Abstract
AIMS
To study reporting of hypoglycaemia in angiotensin receptor blocker (ARB) users, and to investigate the possibility of confounding.
METHODS
The French pharmacovigilance database was examined for an association between hypoglycaemia and ARBs or other drugs using reports notified between 1996 and 2005. This association was also tested in patients taking or not taking antidiabetic agents (ADAs) using reporting odds ratios (ROR).
RESULTS
Hypoglycaemia was mentioned in 807 of the 174 595 reports entered during the study period. Overall hypoglycaemia was associated with the use of ARBs [ROR 2, 95% confidence interval (CI) 1, 3] and with the use of ADAs (ROR 32, 95% CI 27, 37). Moreover, the use of ARBs was associated with the use of ADAs (OR 7, 95% CI 6, 8). Considering separately reports with and without ADA, the association of ARB use with a higher risk of hypoglycaemia disappeared (OR 0.4, 95% CI 0.2, 0.8 and OR 2, 95% CI 1, 3, respectively).
CONCLUSION
A signal indicating an association between ARB use and hypoglycaemia was found in the French pharmacovigilance database.

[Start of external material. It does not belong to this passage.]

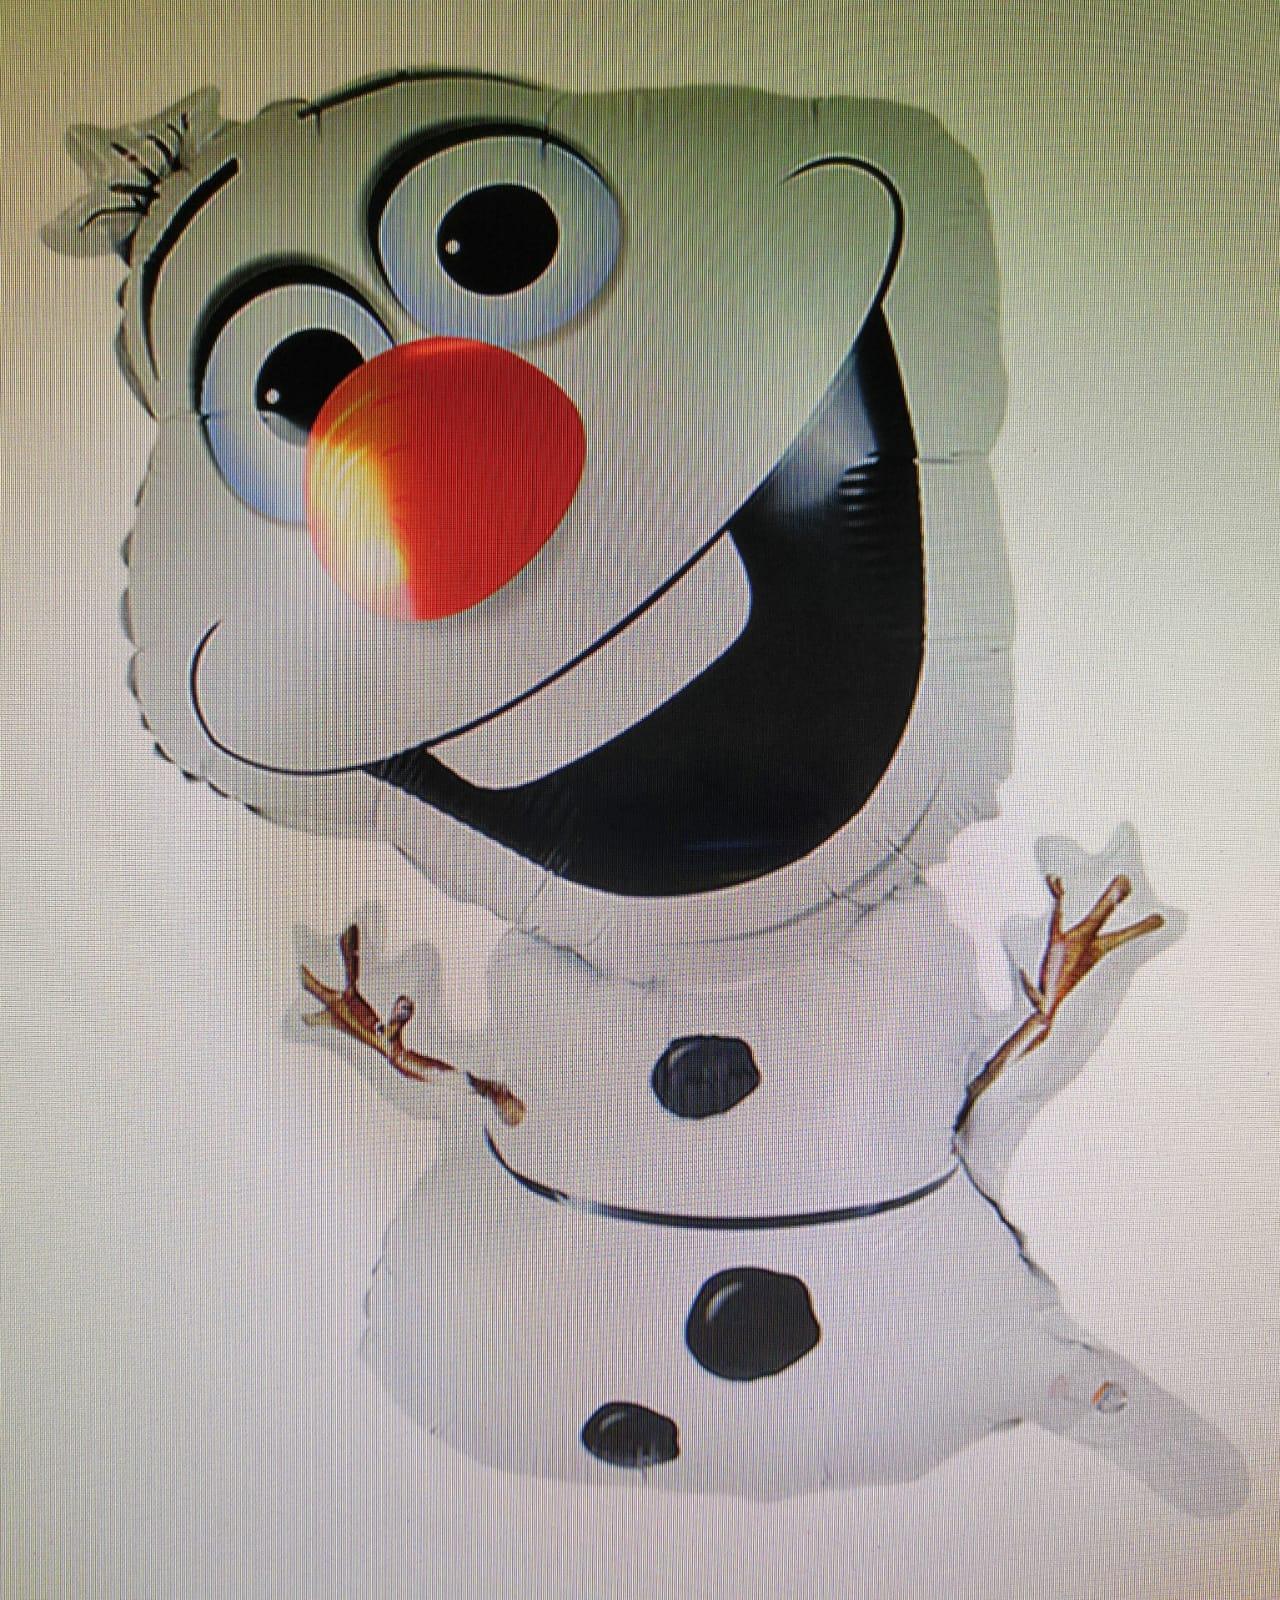 olaf der schneemann 70 cm  dj falo ballon shop

This signal disappeared after stratification on ADA use, thus suggesting confounding by indication. Moreover, the association between ARB use and hypoglycaemia was negative in ADA users.
WHAT IS ALREADY KNOWN ABOUT THIS SUBJECT
Spontaneous reporting is a valuable way to provide early detection for safety signals related to drug use.

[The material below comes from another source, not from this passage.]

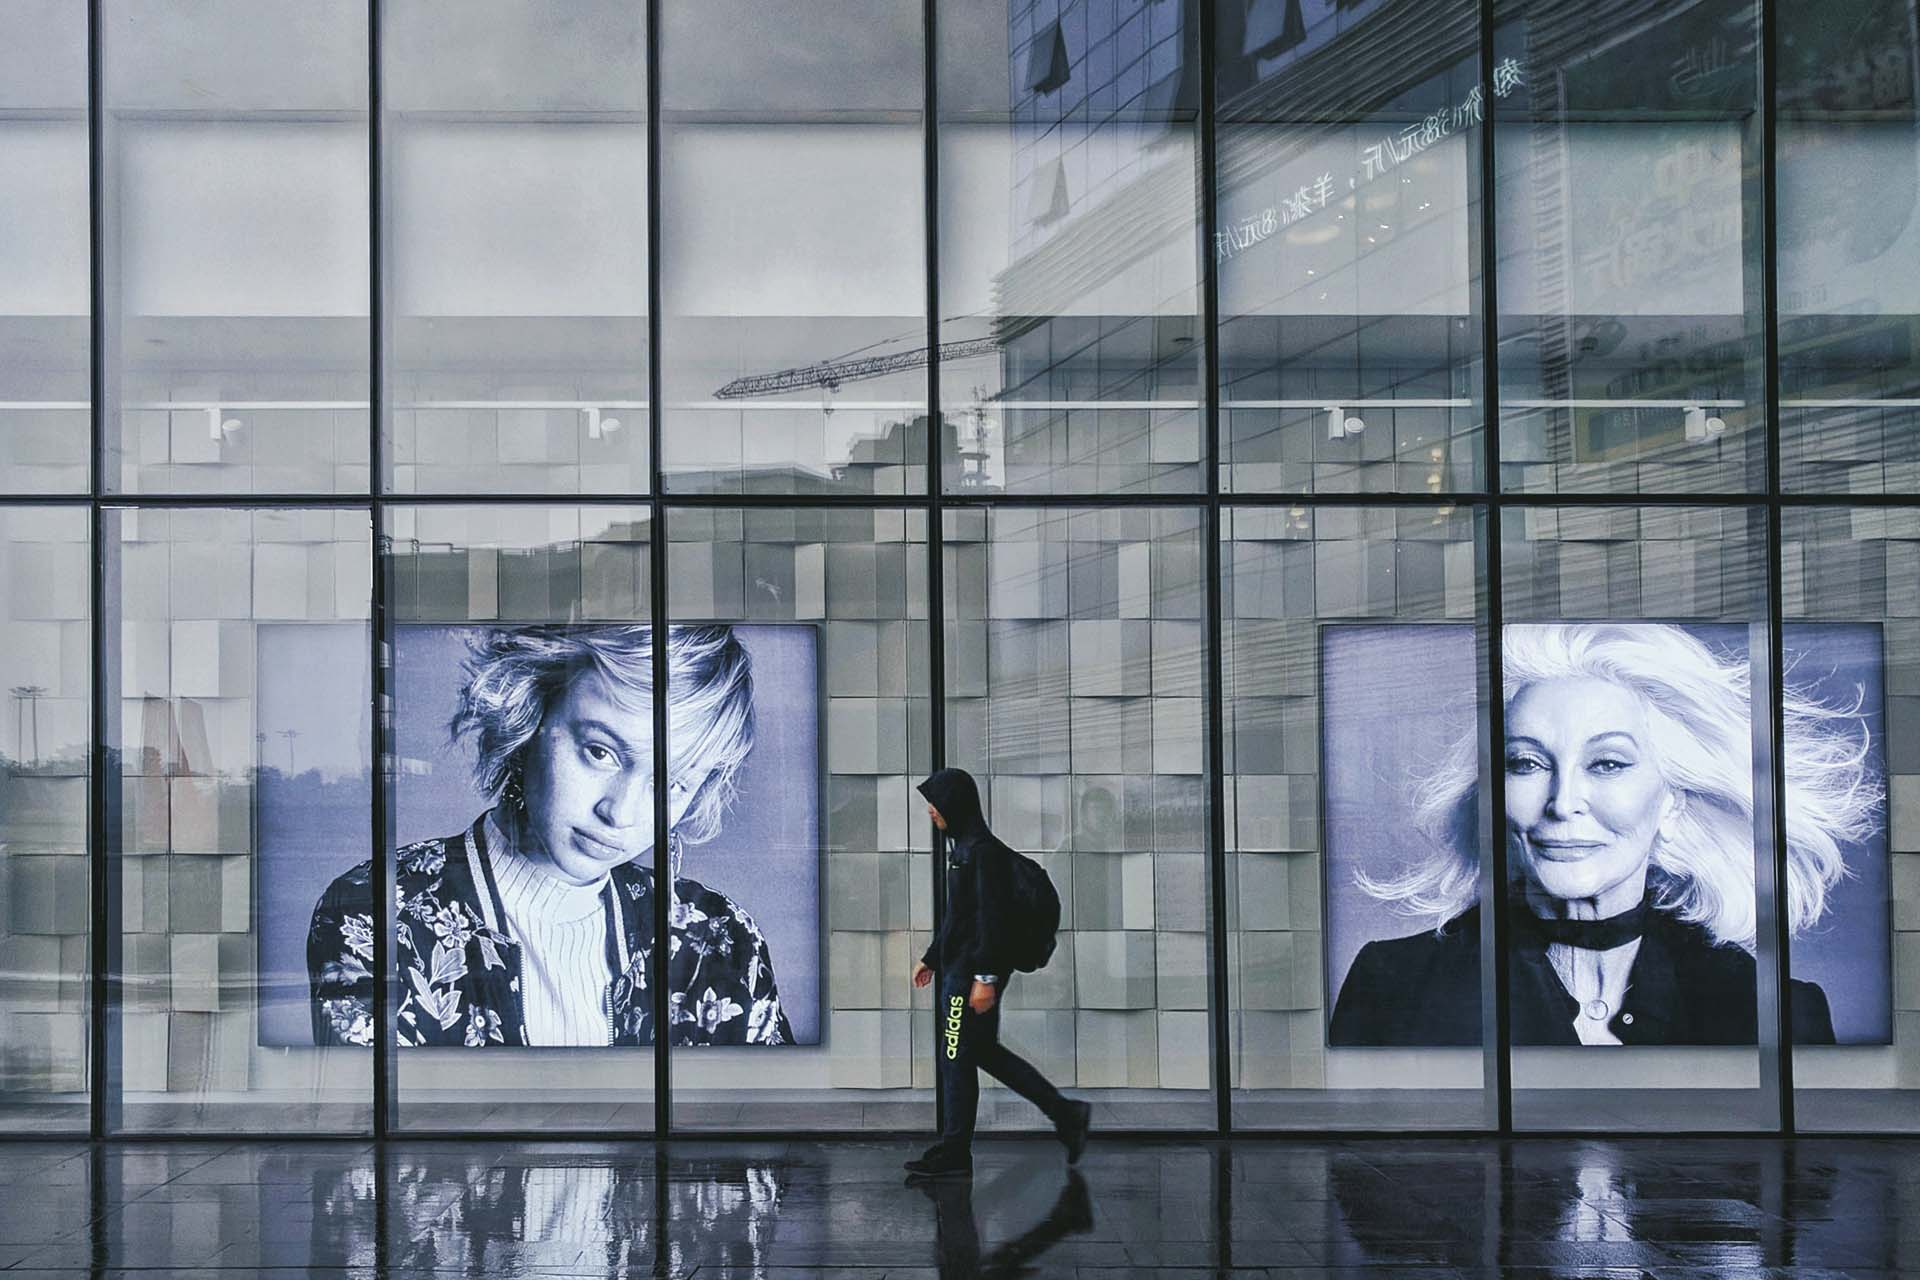 Digital Signage and Interactive Displays

Due to the increasing size of pharmacovigilance databases, data-mining and other automated methods for signal generation are more and more often used.
Even if these methods are very useful, they do not allow, for every particular association, an automated exploration of the multiple sources of confounding.
WHAT THIS STUDY ADDS
An association between angiotensin receptor blockers use and hypoglycaemia was found in the French pharmacovigilance database.

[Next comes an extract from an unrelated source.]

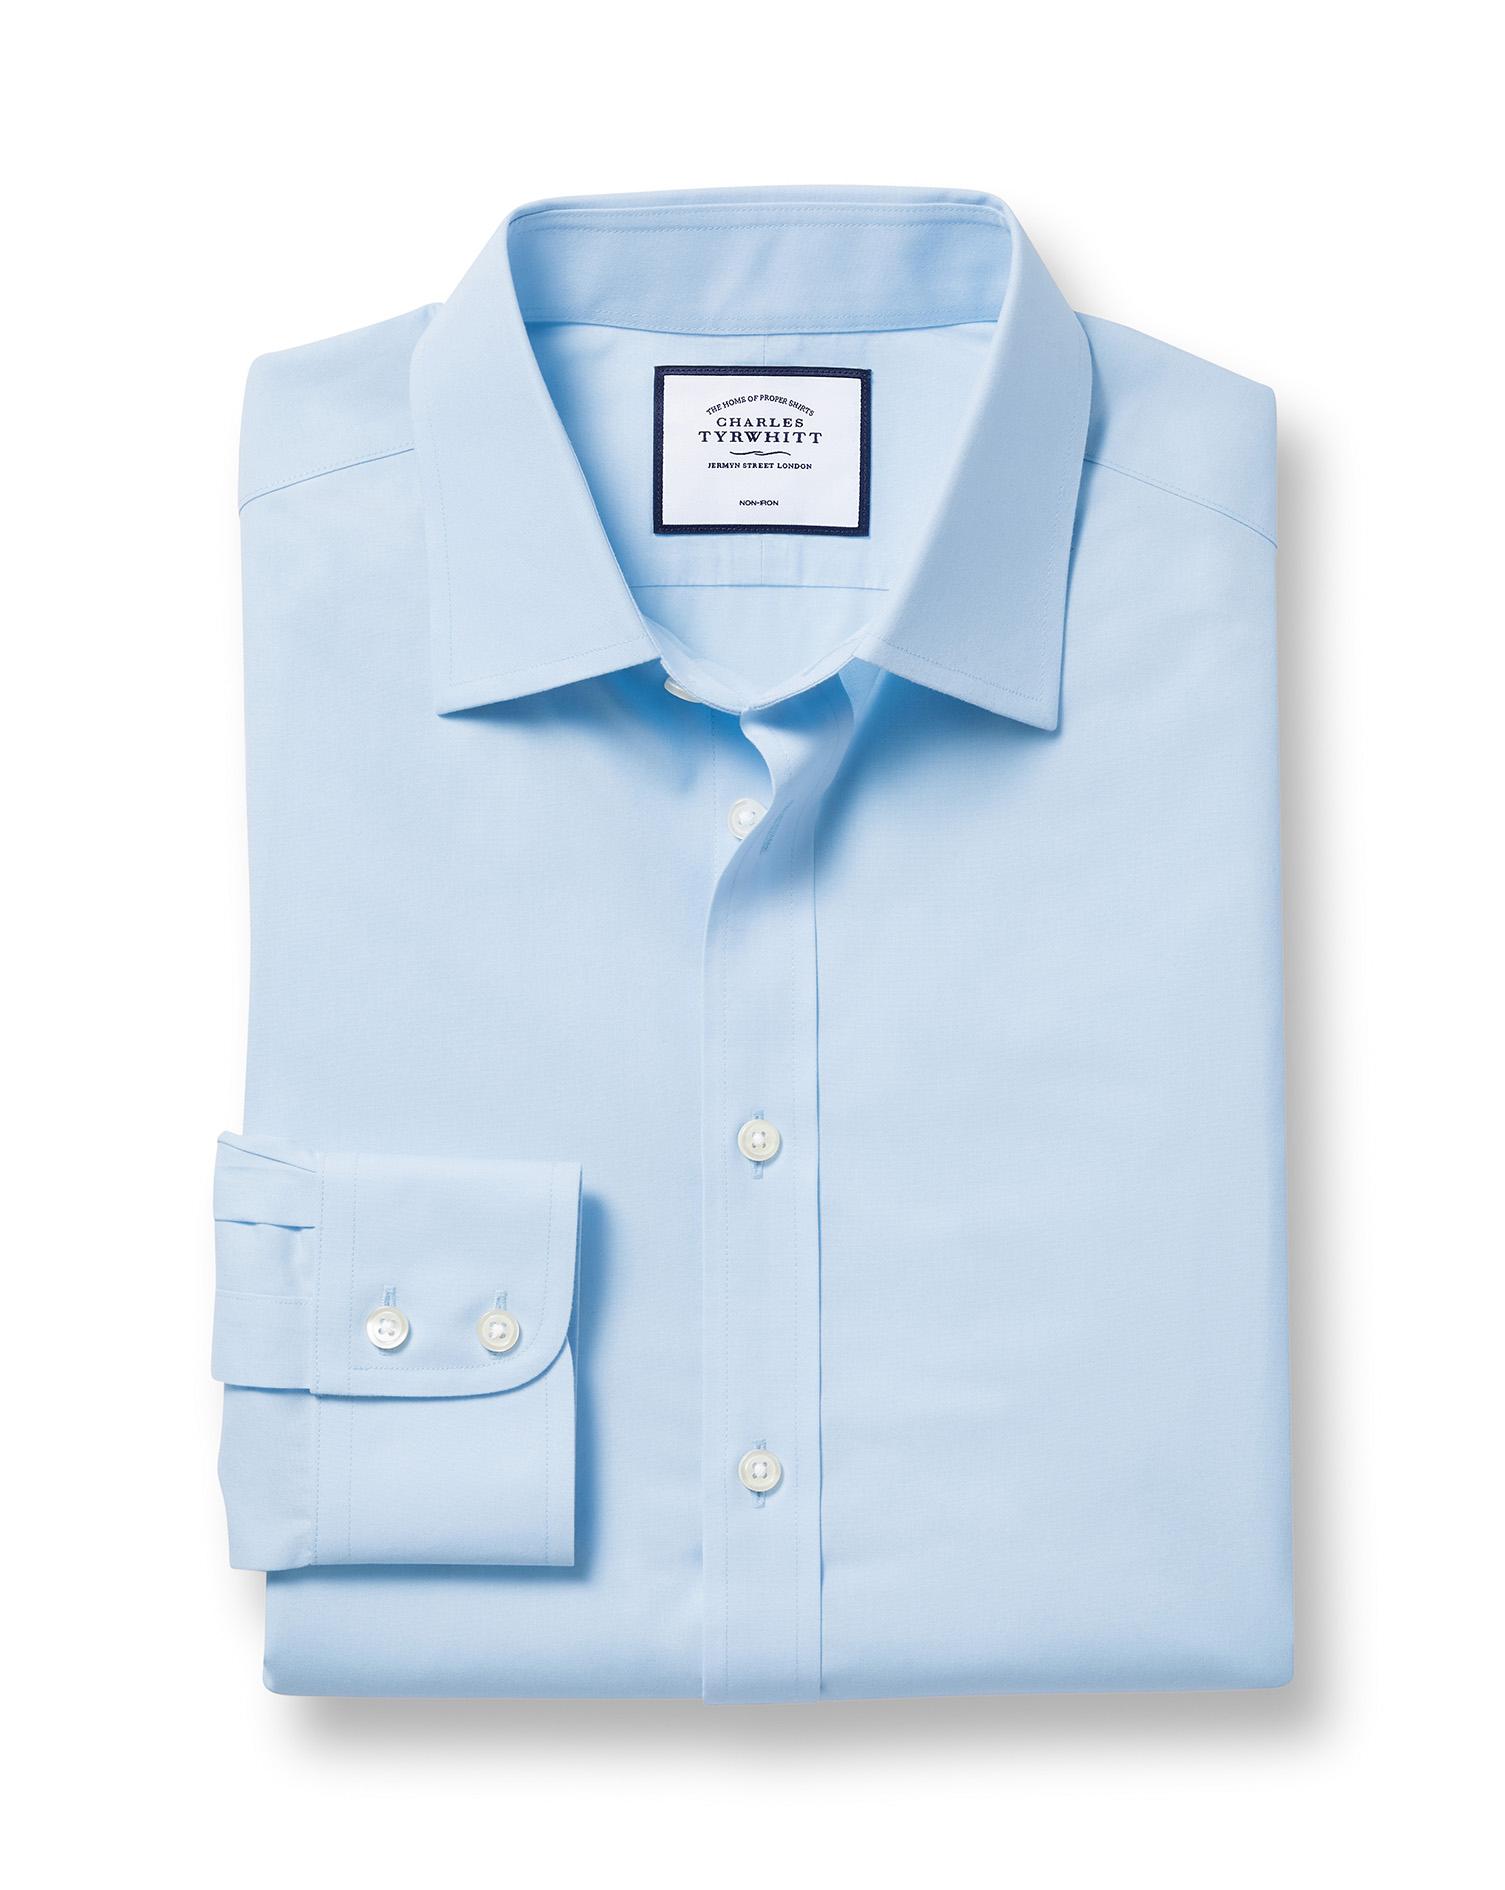 Slim Fit Non-Iron Poplin Sky Blue Cotton Formal Shirt Double Cuff Size 17/34 by Charles Tyrwhitt

This signal disappeared after stratification on antidiabetic drug use, suggesting confounding by indication.
The association between hypoglycaemia and angiotensin receptor blocker use was actually less than expected in concomitant antidiabetic drug users.
Keywords: angiotensin receptor blockers, confounding, diabetes mellitus, pharmacoepidemiology, pharmacology, pharmacovigilance
Introduction
In the 1990s, sporadic reports raised the hypothesis that angiotensin converting enzyme inhibitors (ACEIs) might cause hypoglycaemia [1–4], seemingly confirmed by several studies [5, 6]. Safety signals mentioning the risk of hypoglycaemia with ACEIs were promulgated. However, the mechanism of ACEI-associated hypoglycaemia was never clearly demonstrated [7]. As ACEIs are generally prescribed in hypertension and could have a nephroprotective effect in diabetic patients, this association could also result from preferential prescribing of ACEIs to diabetic patients [8]. Other studies have seemed to support this [9, 10], although a specific risk with enalapril was suspected [10].
The indications and uses of angiotensin receptor blockers (ARBs) are similar to those of ACEIs. We therefore tested the French pharmacovigilance database for a signal of hypoglycaemia associated with ARBs, using the same methodology as used previously for ACEIs in a similar context [8].
Methods
The study used data from the French pharmacovigilance database from 1996 to 2005. Reports of hypoglycaemia were taken as cases, and other reports in the database as noncases.
The cases and noncases were examined for the presence of antidiabetic agents (ADAs), ARBs, drugs used as negative (diazepam) and positive controls (cibenzoline and disopyramide) for the association with hypoglycaemia [11–14] and drugs used in the same indication as ARBs (ACEIs, calcium antagonists, diuretics, atenolol).
Statistical analysis
Cases and noncases were identified from the spontaneous adverse drug reaction reporting database. Exposure was considered as the presence in a report of the drug of interest, whether or not it was suspected of causing the reaction [8]. For each drug of interest, reporting odds ratio (ROR: ratio of the odds of exposure in reports of cases and noncases) and their 95% confidence intervals (95% CI) were computed [15]. The analysis was first performed in the whole database and then separately in reports with or without mention of ADAs.
Results
Of the 174 595 reports corresponding to the study period, 807 were of hypoglycaemia.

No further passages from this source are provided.